Sonó el toque de diana poco antes del alba. Los fuertes arqueros tomaron posiciones en pequeños grupos en apoyo de sus exiguos carros. Sekenenre se detuvo delante de su tienda, junto a su comandante Pepi, en medio de una aureola formada por sus más fuertes guardianes.
—No es prudente lanzar nuestros carros a un enfrentamiento con fuerzas infinitamente superiores —les dijo—. No obstante, estos carros estratégicamente situados cubrirán a nuestros arqueros al disparar sus flechas contra los jinetes enemigos. No hay duda de que Apofis empezará su ataque utilizando los carros, porque los demás batallones no se enfrentarán hasta que los carros decidan la batalla. Tenemos que prestar mayor atención a inutilizar los carros de los hicsos para permitir a nuestro invencible ejército entrar en combate y terminar con el enemigo.
La idea de acabar con las fuerzas de carros era una obsesión. Imploraba a su dios Amón con sinceridad y sumisión diciendo: «¡Oh, Dios adorado, determina nuestra superación de esta dificultad! Concede la victoria a tus fieles hijos. Si los abandonas hoy, nunca se mencionará tu nombre en tu sagrada morada, y se cerrarán las puertas de tu sagrado templo».

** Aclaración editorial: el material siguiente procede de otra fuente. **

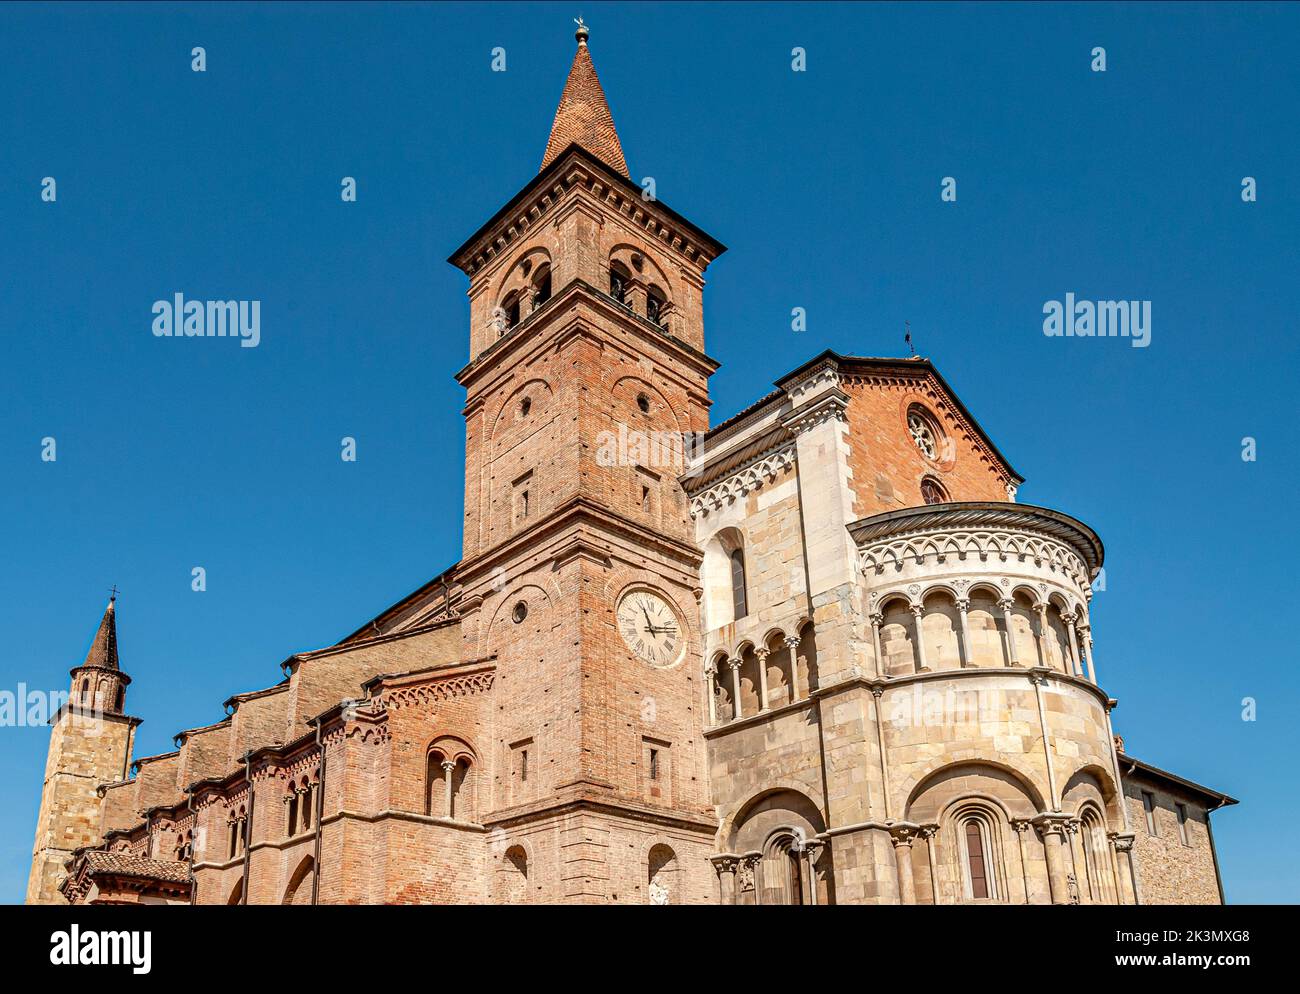 Il Duomo è l'edificio più famoso di Fidenza, che risale al 12th° secolo ed è dedicato a Domnino di Fidenza, che fu martirizzato per ordine o Foto Stock

El faraón subió a su carro y el comandante Pepi hizo lo mismo, quedando rodeados por la guardia faraónica. Detrás de ellos, los carros de guerra. El grupo de los lanceros avanzó en filas a derecha e izquierda del faraón. Todo el mundo esperaba el grito de guerra, cuando los carros ya hubieran cumplido con su deber.
Al aparecer las primeras luces, llegó un explorador y comunicó al rey que la flota egipcia se había enfrentado a la de los hicsos en una dura batalla, al norte de Kabtus. El faraón dijo al comandante de su ejército:
—Apofis sabe, sin lugar a dudas, que se enfrentará a una dura resistencia; por eso ha ordenado a su flota que ataque, para poder colocar a algunos de sus soldados detrás de nuestras posiciones.

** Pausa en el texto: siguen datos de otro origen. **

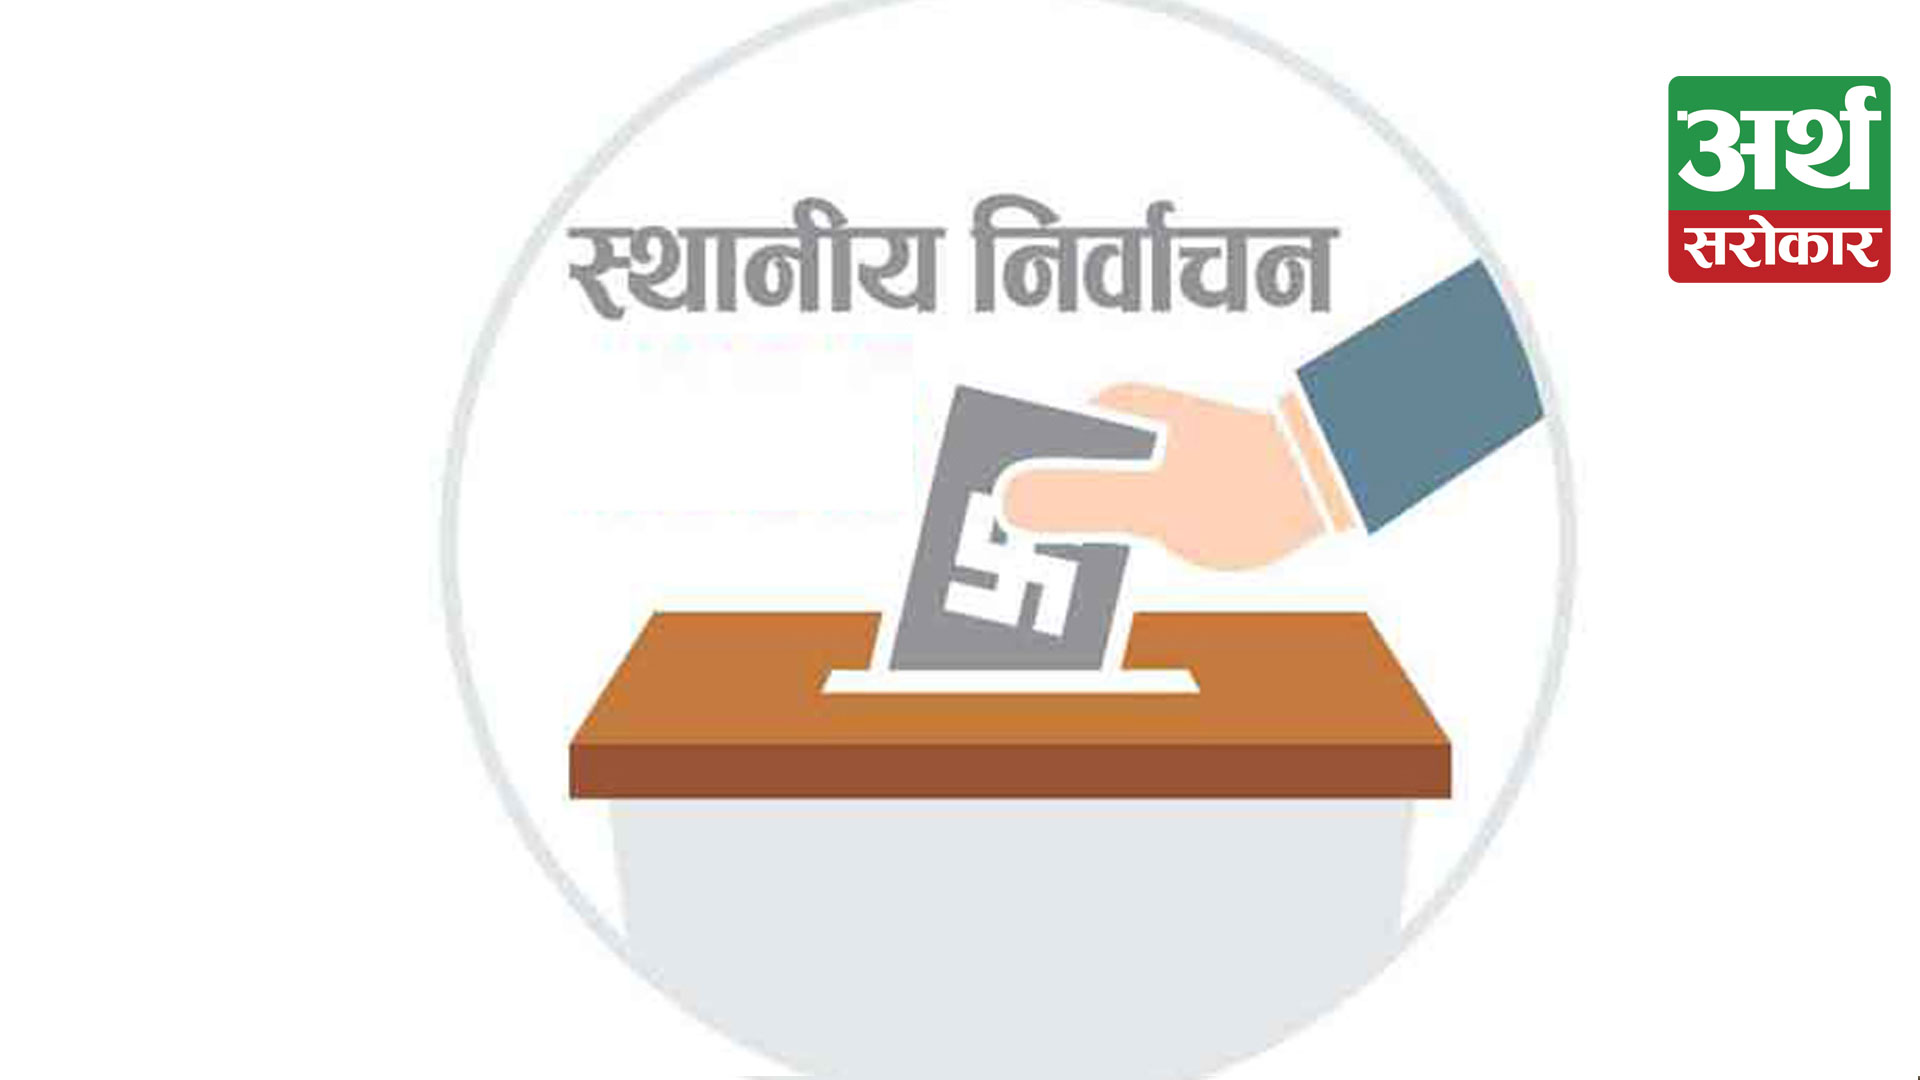 स्थानीय तह निर्वाचन : कञ्चनपुरमा चुनावी तयारी तीव्र

—Los hicsos, señor —respondió el comandante Pepi—, no saben luchar en sus barcos. El sagrado Nilo se tragará sus cadáveres y acabará con las vanas esperanzas de Apofis.
La confianza de Sekenenre en los efectivos de la flota de Tebas era grande. No obstante, aconsejó al comandante de los exploradores que siguiera en contacto permanente con el campo de batalla. La oscuridad empezaba a disiparse y el campo a vislumbrarse para unos ojos escudriñadores. Sekenenre vio a los arqueros firmes con los arcos en la mano. Los pocos carros que había estaban junto a ellos, preparados para el combate. Al otro lado vio al ejército de los hicsos invadiéndolo todo, como el polvo. El enemigo esperaba a que amaneciera. Así que, pasado el primer tercio de la noche, los carros empezaron a moverse, preparándose para el combate. Luego irrumpieron los batallones en algunos sitios fortificados de vanguardia. Las flechas volaron por el aire, los caballos relincharon y los guerreros lanzaban sus gritos de combate. Tropas y más tropas se empujaban por enzarzarse en fiero combate con los arqueros y algunos carros egipcios.
—Ahora empieza —gritó Sekenenre.
—Sí, señor —replicó Pepi en tono grave—. Nuestros soldados han empezado bien.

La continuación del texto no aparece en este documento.